Essential knowledge 4.C.4: The diversity of species within an ecosystem may inﬂuence the stability of the ecosystem.

a. Natural and artificial ecosystems with fewer component parts and with little diversity among the parts are often less resilient to changes in the environment.

b. Keystone species, producers, and essential abiotic and biotic factors contribute to maintaining the diversity of an ecosystem. The effects of keystone species on the ecosystem are disproportionate relative to their abundance in the ecosystem, and when they are removed from the ecosystem, the ecosystem often collapses.

● Explain the relationship between the diversity present in an ecosystem and its resiliency when subjected to changes in the environment.

● Describe how keystone species, producers, and limiting abiotic and biotic factors contribute to maintaining the diversity of an ecosystem.

● Provide examples of how disruption to keystone species populations can trigger disproportionately large-scale changes to the structure of an ecosystem.

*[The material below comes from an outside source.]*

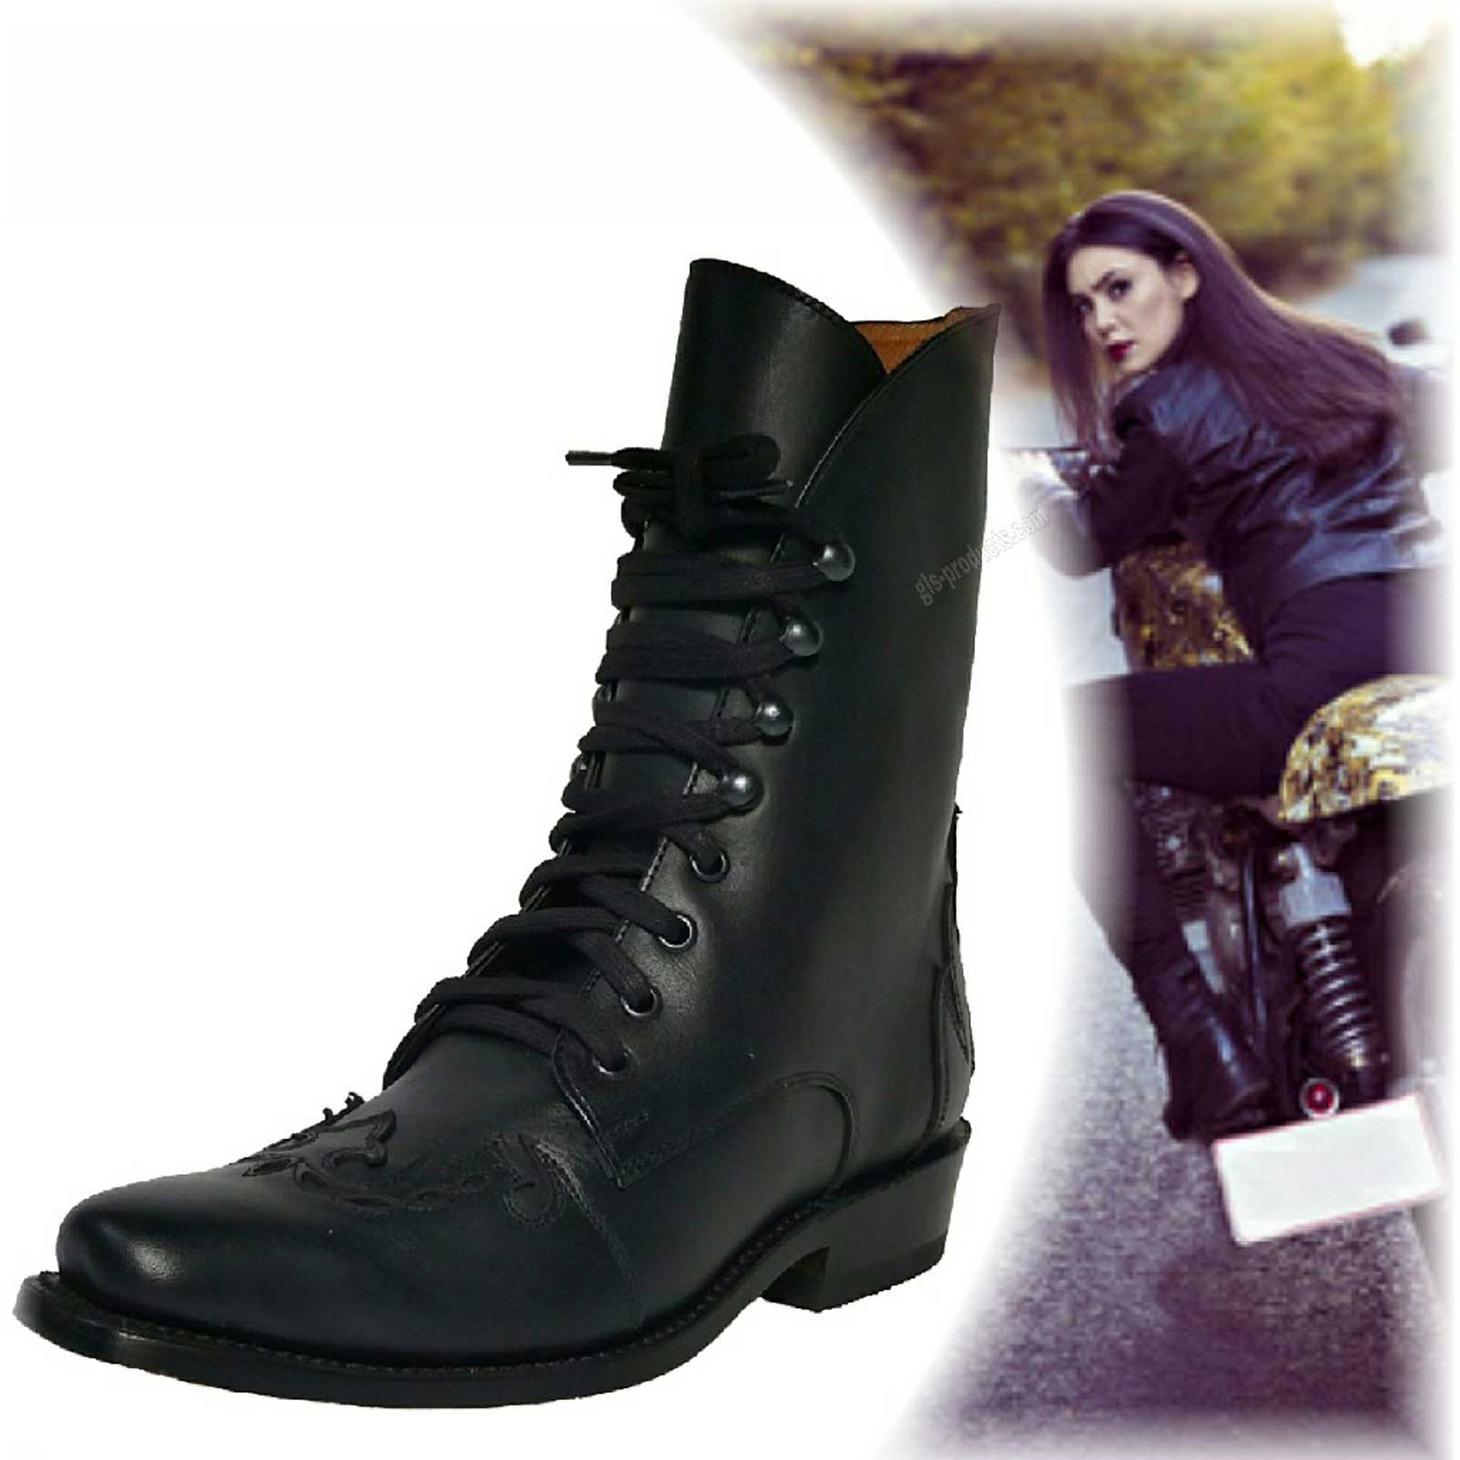 Mezcalero Primavera women's ankle boots

● The student is able to make scientific claims and predictions about how species diversity within an ecosystem influences ecosystem stability.

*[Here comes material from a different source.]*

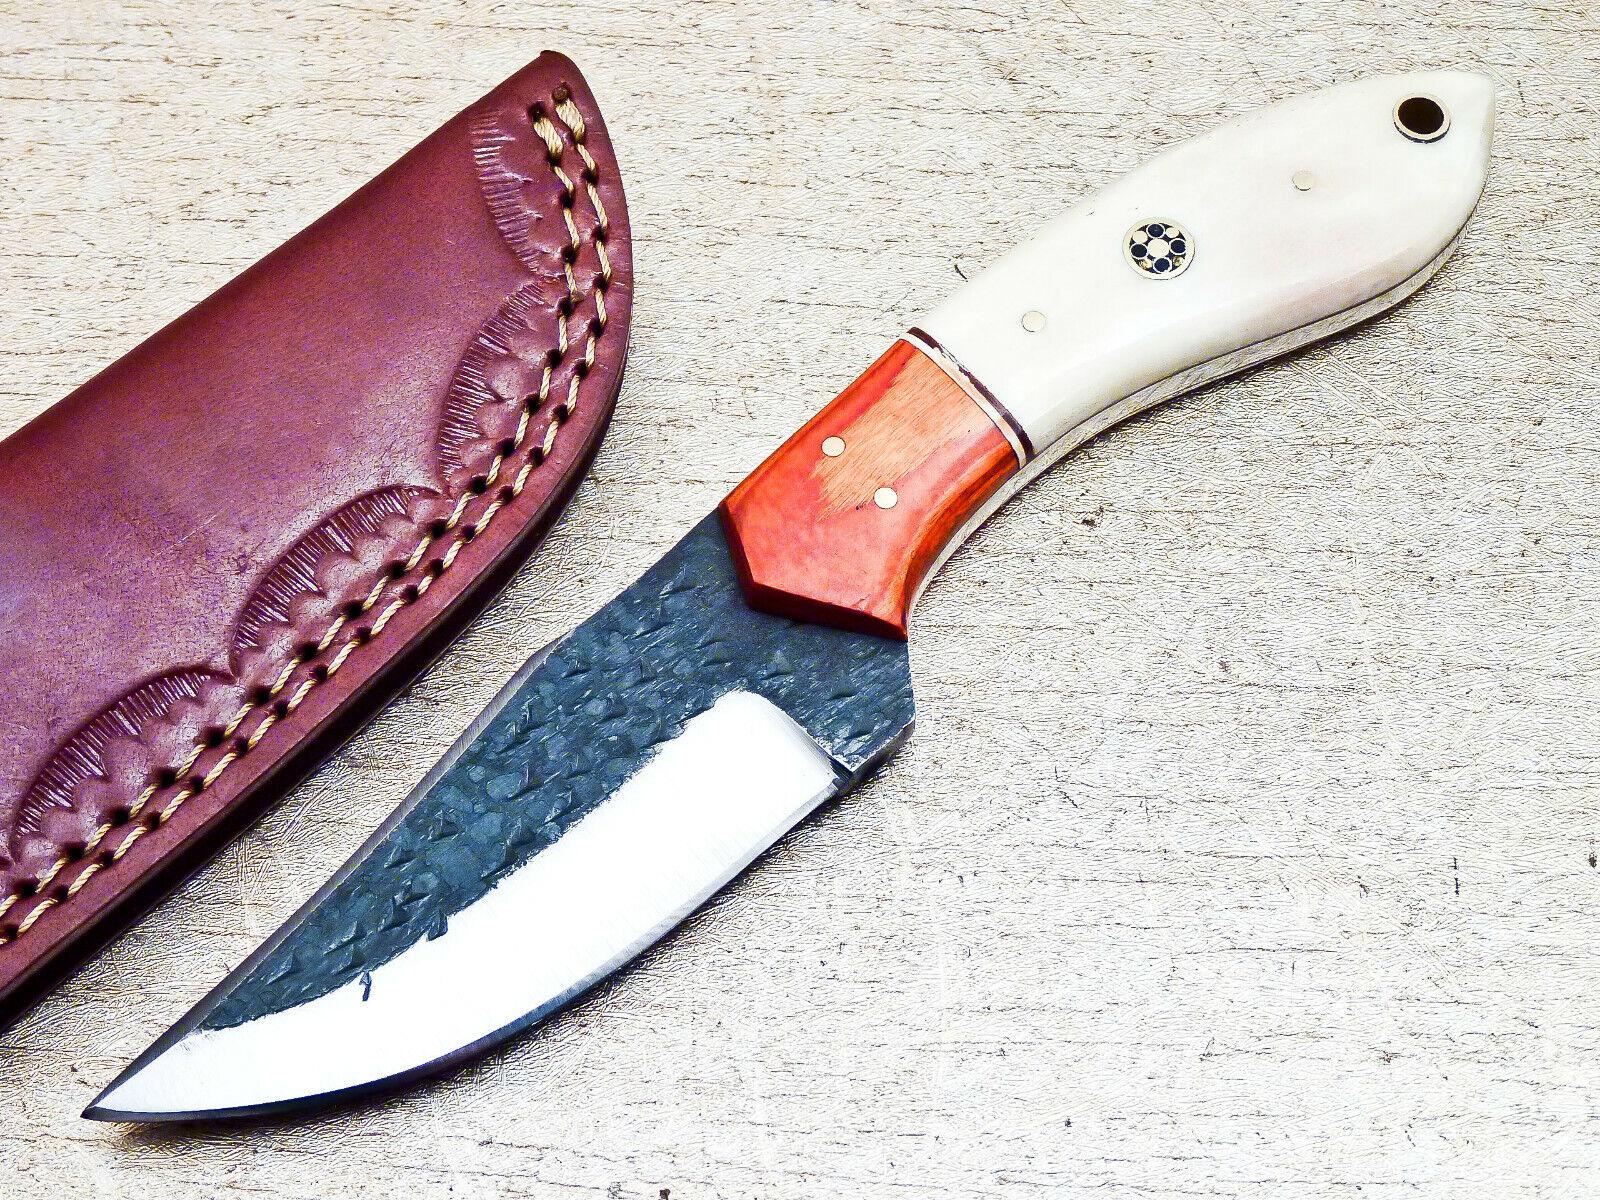 Elegant Custom Hand Forged Railroad Spike Carbon Steel Fixed Blade Knife UT-7997 - $13.00

Remember: Biology is more than "just the facts". It's all about connections.
(That said... you have to know the vocab and concepts to be able to see the "big picture" and make those connections)

Big Idea 2: Biological systems utilize free energy and molecular building blocks to grow, to reproduce and to maintain dynamic homeostasis.

Enduring understanding 2.A: Growth, reproduction and maintenance of the organization of living systems require free energy and matter.

Essential knowledge 2.A.1: All living systems require constant input of free energy.

f. Changes in free energy availability can result in disruptions to an ecosystem.
      To foster student understanding of this concept, instructors can choose an illustrative example such as:
         • Change in the producer level can affect the number and size of other trophic levels
         • Change in energy resources levels such as sunlight can affect the number and size of the trophic levels

LO 2.2 The student is able to justify a scientific claim that free energy is required for living systems to maintain organization, to grow or to reproduce, but that multiple strategies exist in different living systems. [See SP 6.1]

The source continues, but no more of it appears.